▸ Directions:
Pictures stay out of the copy; set down each line of the listing below exactly.

___ Information supplied ___

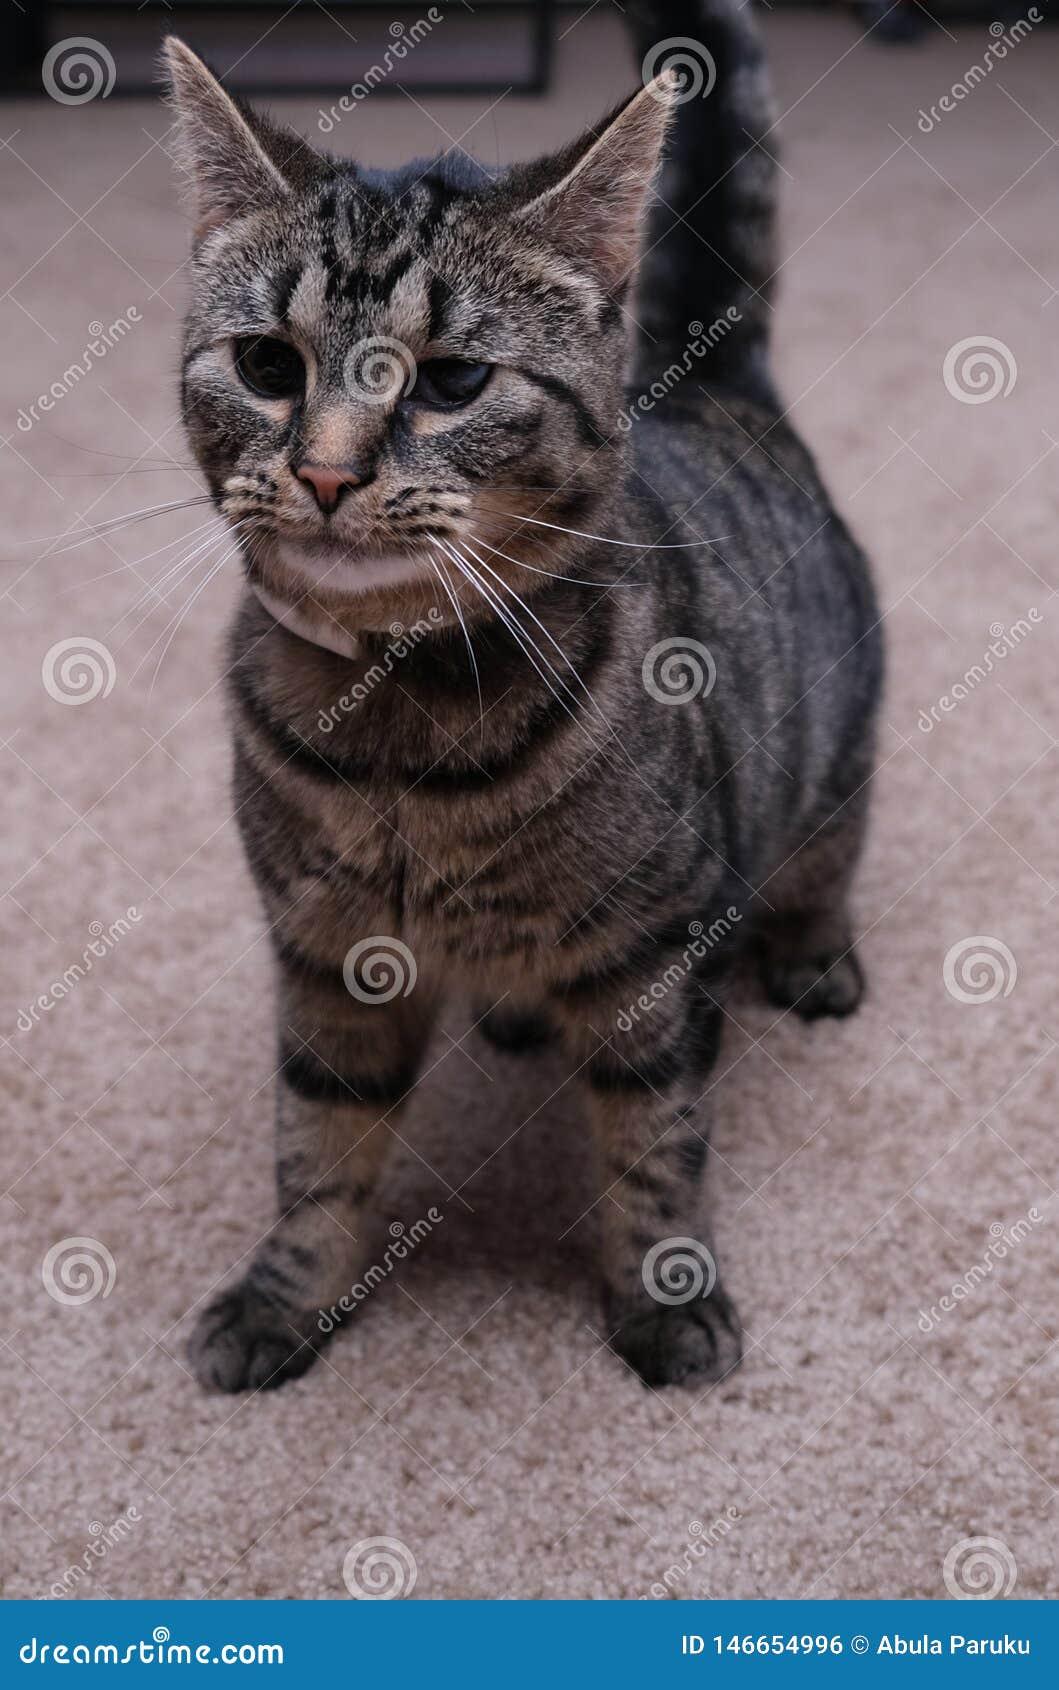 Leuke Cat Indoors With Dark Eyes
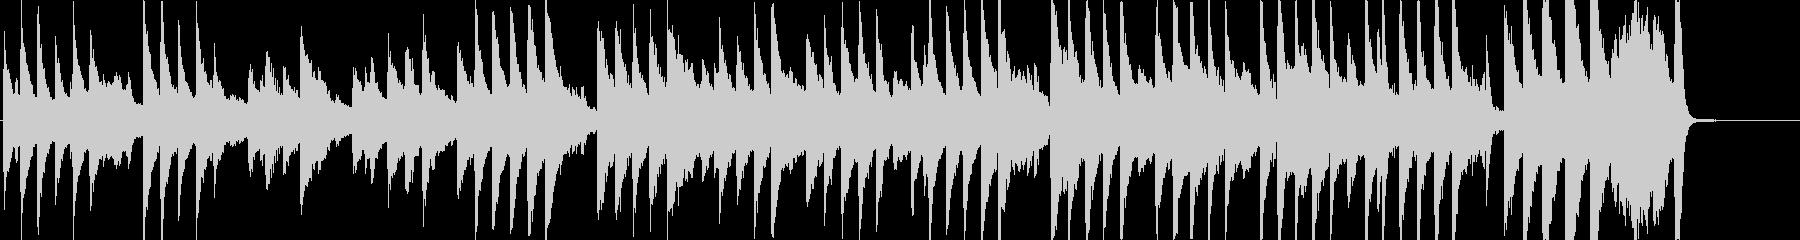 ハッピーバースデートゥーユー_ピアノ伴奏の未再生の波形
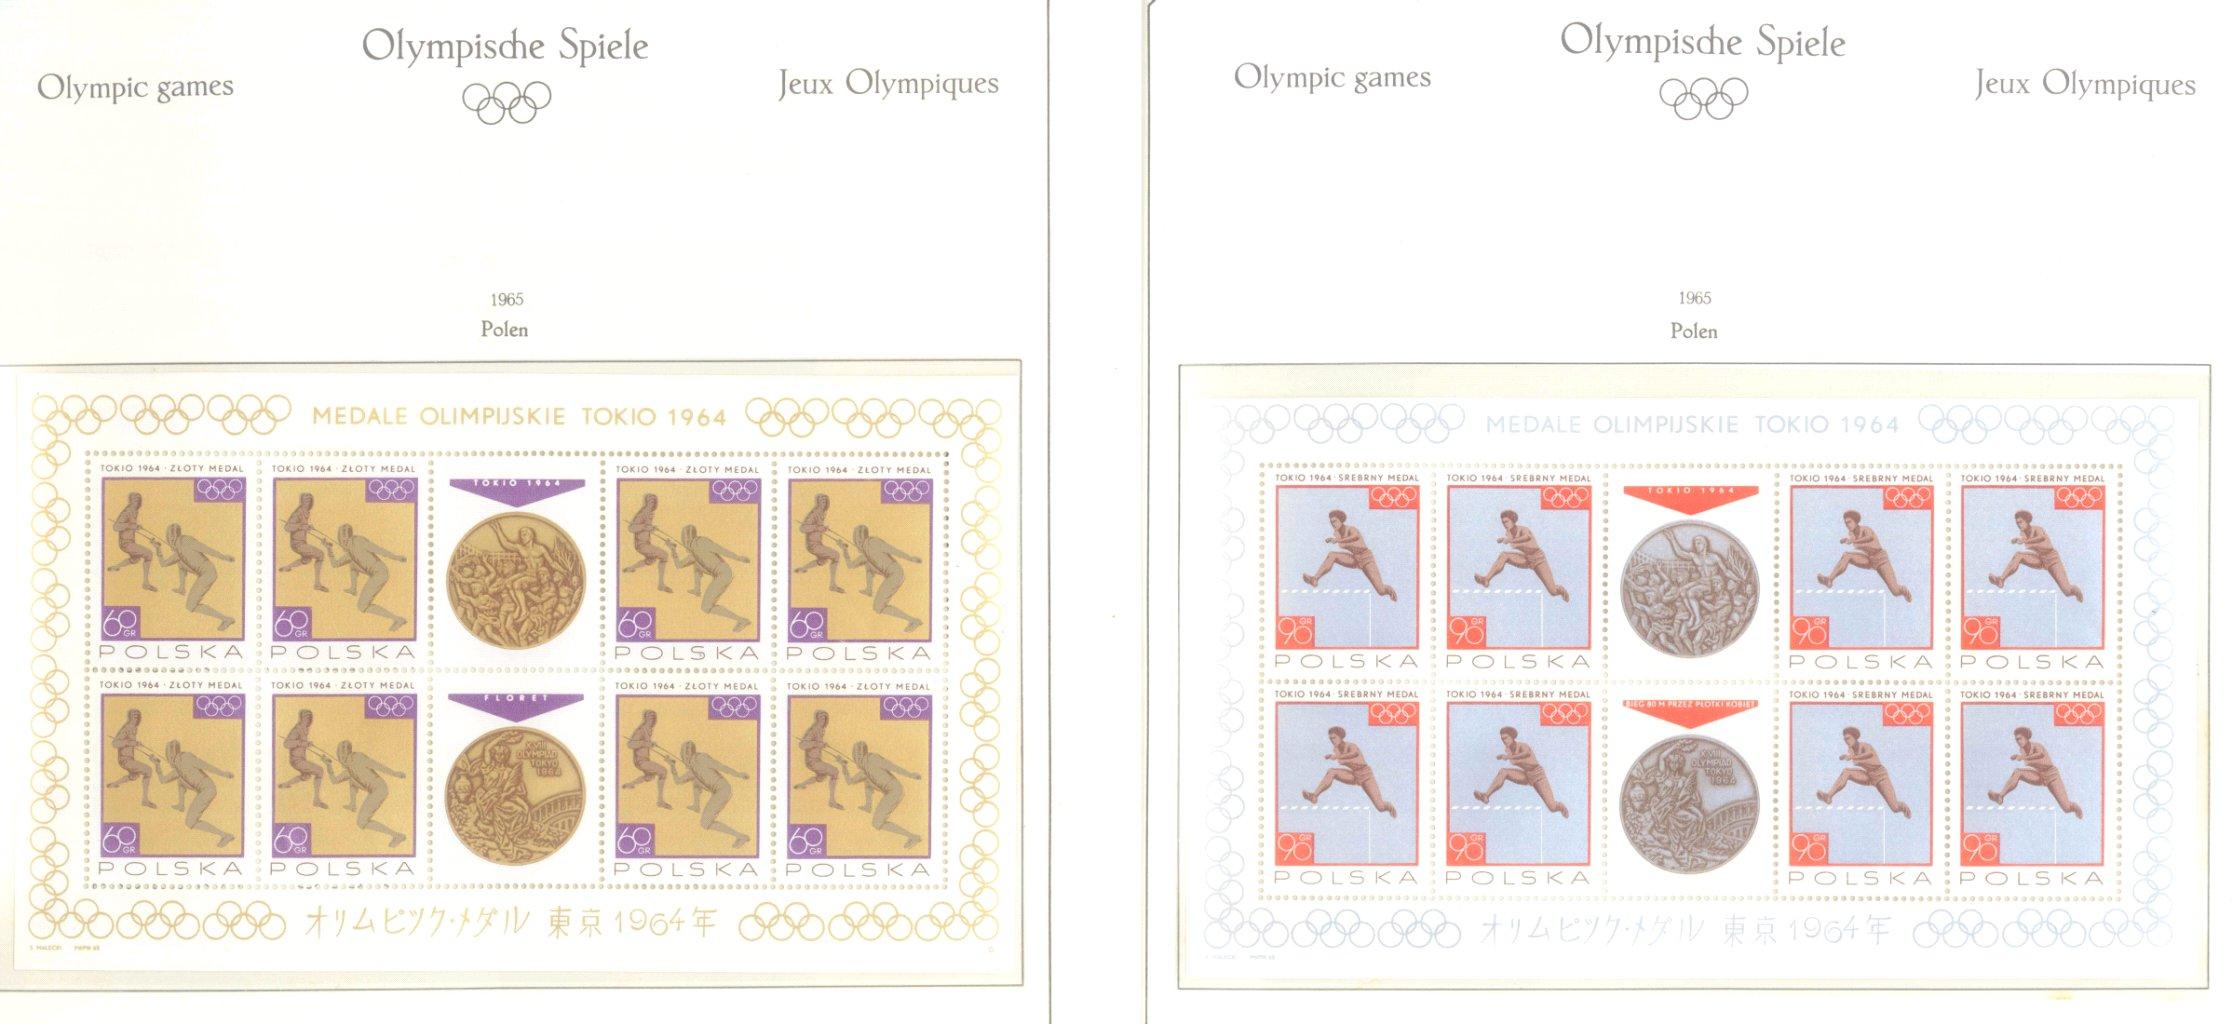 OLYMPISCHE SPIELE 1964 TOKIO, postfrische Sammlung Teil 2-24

___

▸ Answer:
 Leuke Cat Indoors With Dark Eyes
 ハッピーバースデートゥーユー_ピアノ伴奏の未再生の波形
 OLYMPISCHE SPIELE 1964 TOKIO, postfrische Sammlung Teil 2-24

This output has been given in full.